▸ **DATA PROVIDED**:
____

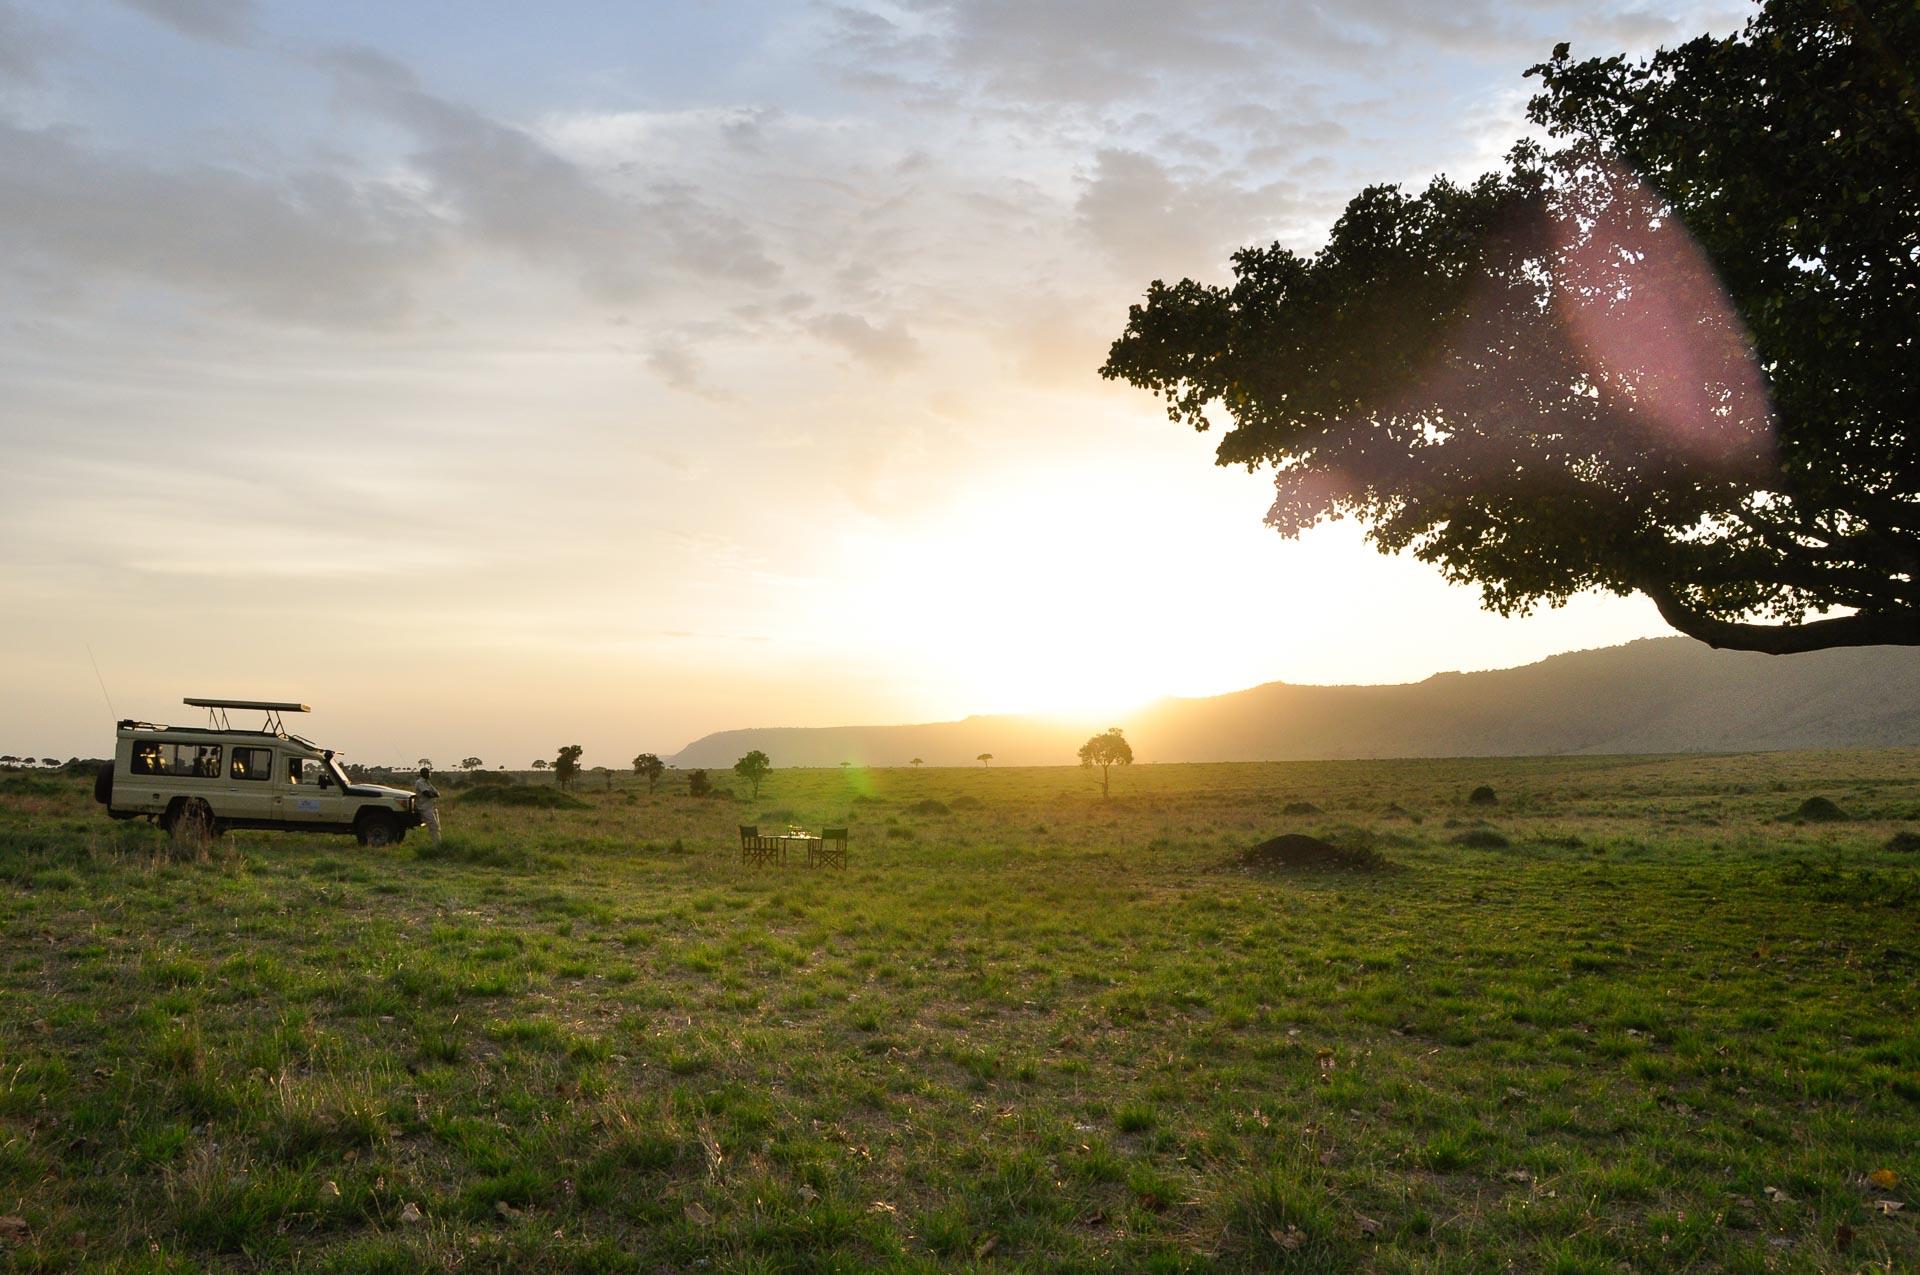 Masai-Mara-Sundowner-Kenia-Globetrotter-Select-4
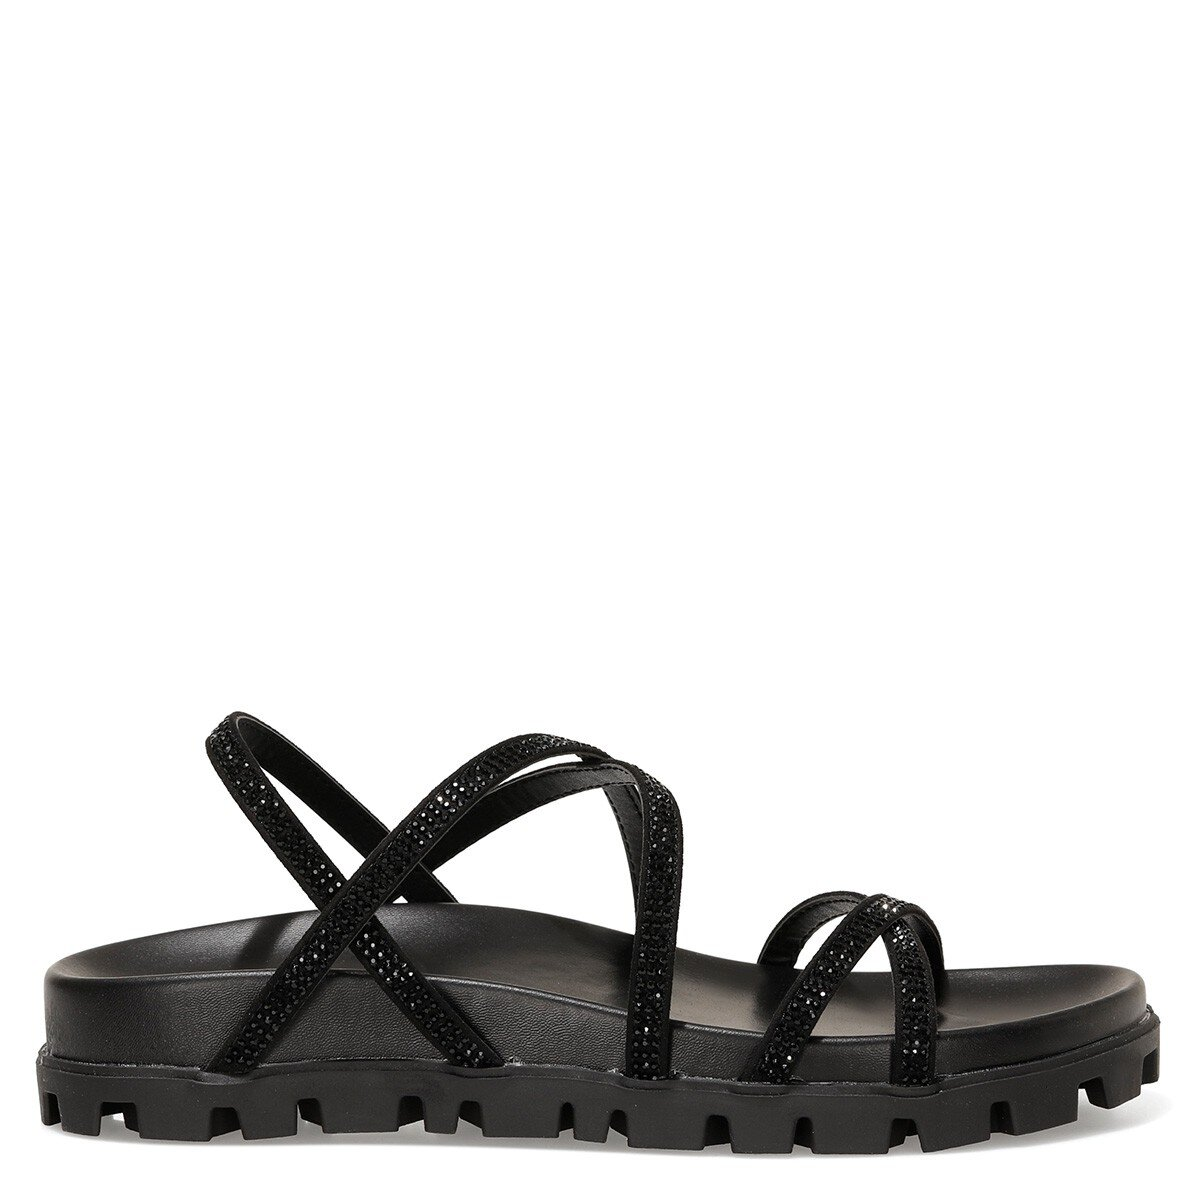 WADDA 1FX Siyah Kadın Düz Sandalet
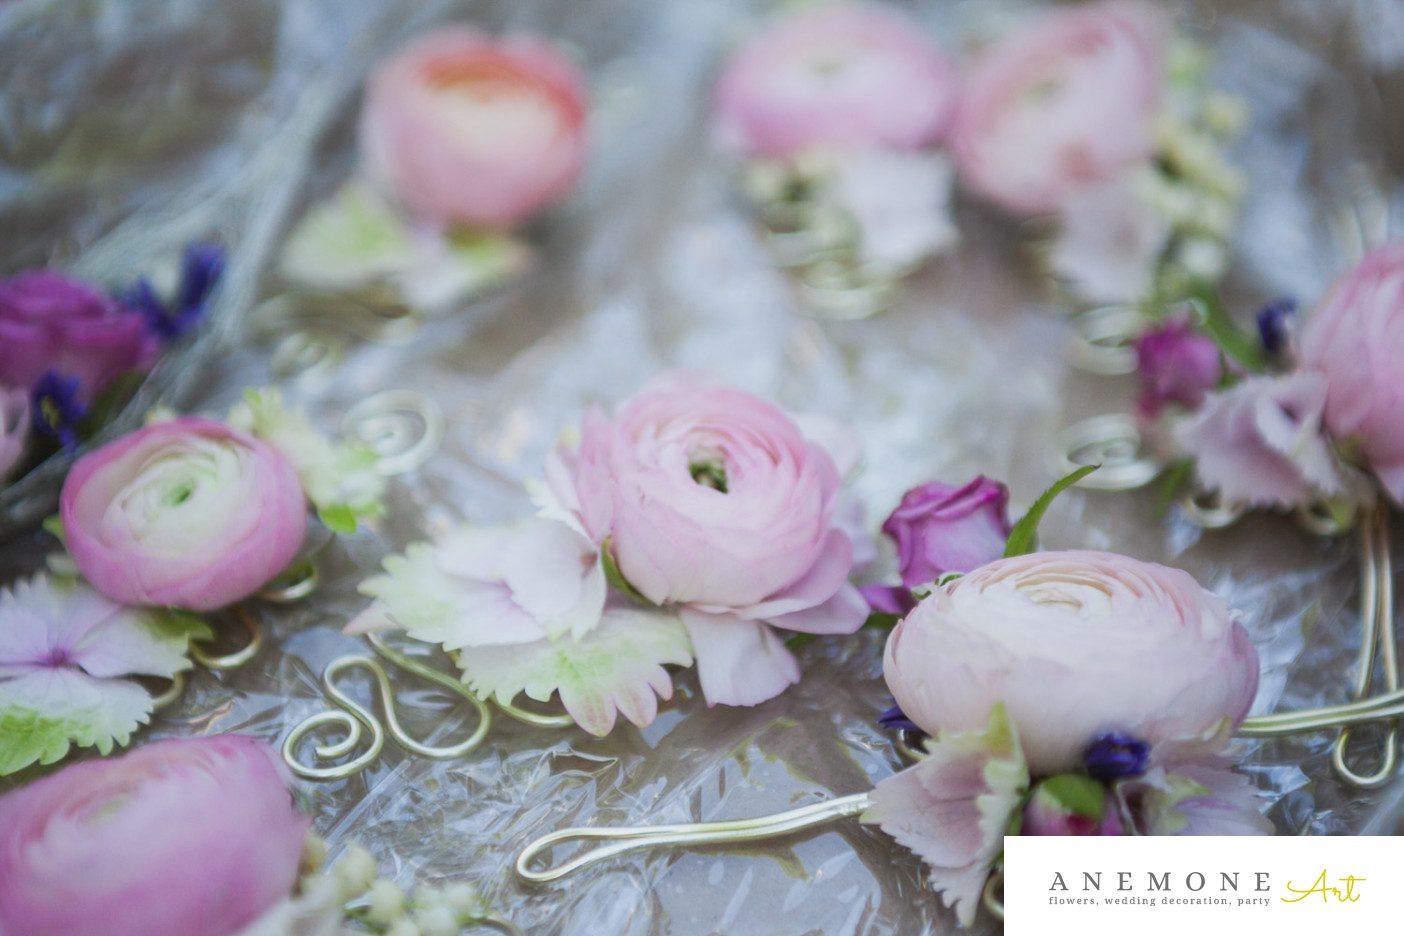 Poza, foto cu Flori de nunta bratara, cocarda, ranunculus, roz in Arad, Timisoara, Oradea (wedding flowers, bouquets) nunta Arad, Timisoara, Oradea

____

▸ **AIM OF THE EXERCISE**: Print the whole listing above once more, word for word, without its pictures.

▸ **EXERCISE RESULT**:
 Masai-Mara-Sundowner-Kenia-Globetrotter-Select-4
 WADDA 1FX Siyah Kadın Düz Sandalet
 Poza, foto cu Flori de nunta bratara, cocarda, ranunculus, roz in Arad, Timisoara, Oradea (wedding flowers, bouquets) nunta Arad, Timisoara, Oradea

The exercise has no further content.